Making a resolution for the new year can be a wonderful catalyst for change in your life—or a setup for failure by the spring! This January, we’re talking to local experts about common resolutions and how you can improve your chances of carrying through. 

Lauren Flores spends most of her time helping people work on their fitness in Moab, offering customized fitness training programs at the Moab Recreation and Aquatic Center and Southtown Gym. She is certified as a personal trainer by the American Council on Exercise, a functional strength specialist by the American Council on Exercise, an instructor by Animal Flow Official, and PN1 coach by Precision Nutrition. 

Lauren Flores. [Courtesy photo]

So what’s her advice on your 2023 fitness goals? 

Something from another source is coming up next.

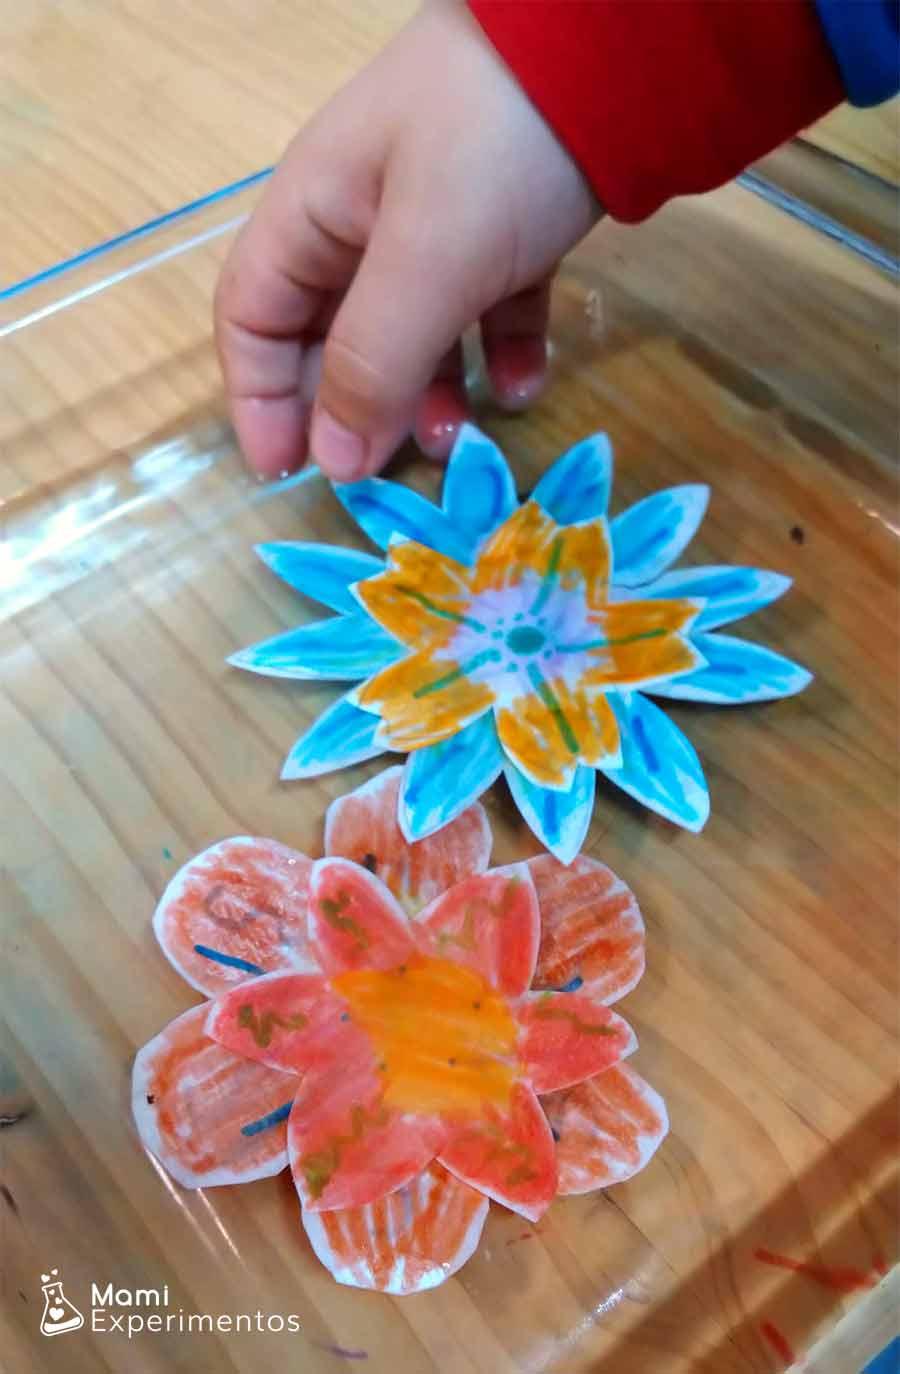 Flores de colores experimento capilaridad flores que se abren
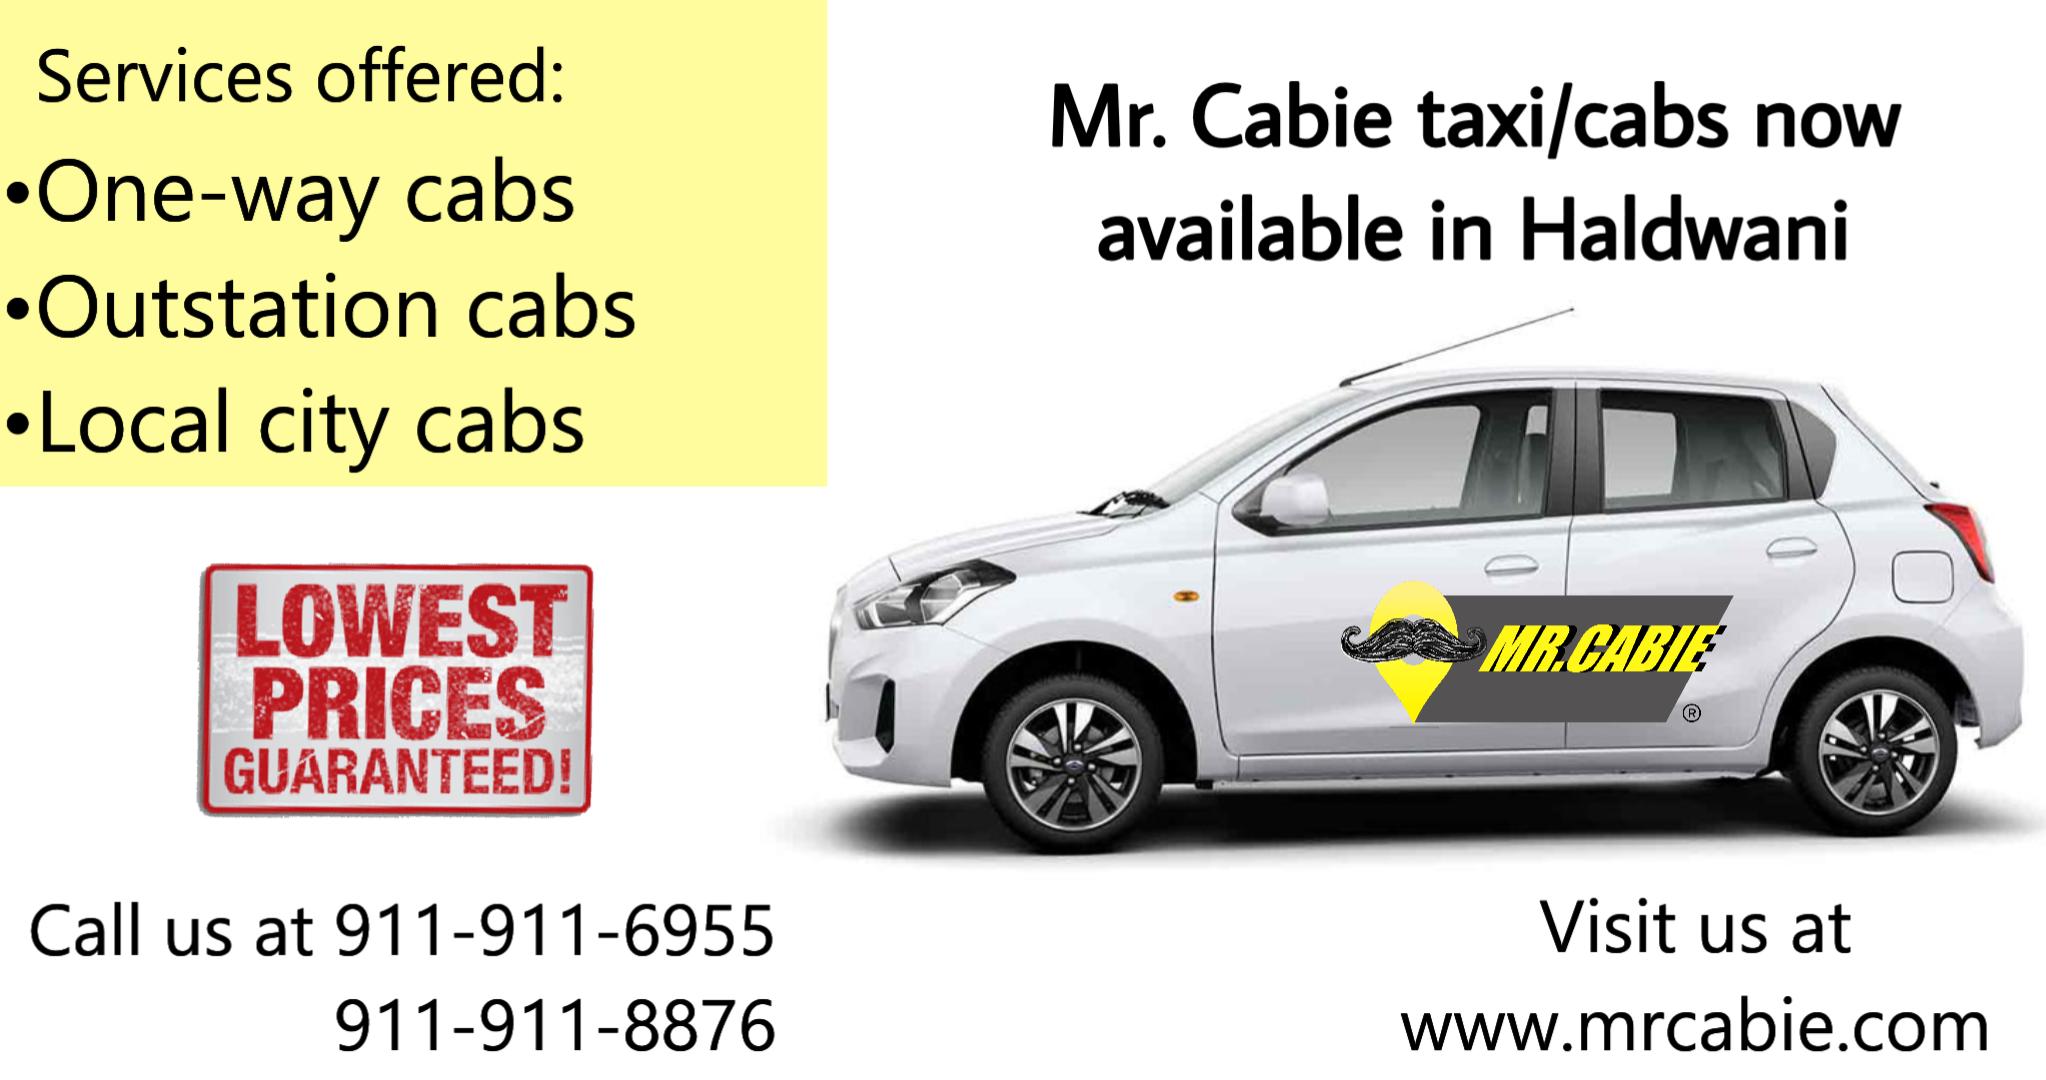 Mr. cabie taxi service in Haldwani

1. Adopt a weekly or daily ritual. 

“Busy is the norm in the 21st century,” Flores said. “You will never find the time for fitness—you’ll have to make it. These rituals can be simple 5-minute tasks like adding workout reminders to your calendar, or they can be more complex like scheduling meal prep once a week. Whatever you decide, make sure the ritual is easy enough that you can do it at least 90% of the time.”

2. Regulate your eating behaviors. 

“One of the simplest ways to get a head start on healthy nutrition is to eat at the same time every day. Having scheduled meal times will help automate the task of eating and regulate biological rhythms. Once you nail the timing, you can begin to focus on your plate’s content.”

3. Walk more! 

“This doesn’t have to be overly complicated—just use your legs to get you from point A to point B more often. Step count does correlate with health markers like body weight and blood pressure. Try tracking your steps with a basic app for a week to get your baseline. Then, aim to increase that number by 200-500 steps every week.”

4. Add more whole, minimally processed foods to your diet. 

“No, this doesn’t mean you need to buy everything organic, pastured, wild, fair-trade, and all those other bait words on food packaging. It means before you eat that 3 p.m. brownie (even if it’s a vegan, keto, hand-picked organic cacao brownie), eat a piece of fruit. The idea is that over time, we can displace that ‘bad’ food with ‘good’ food, since the nutrient density of an apple is more satisfying than that of a brownie.”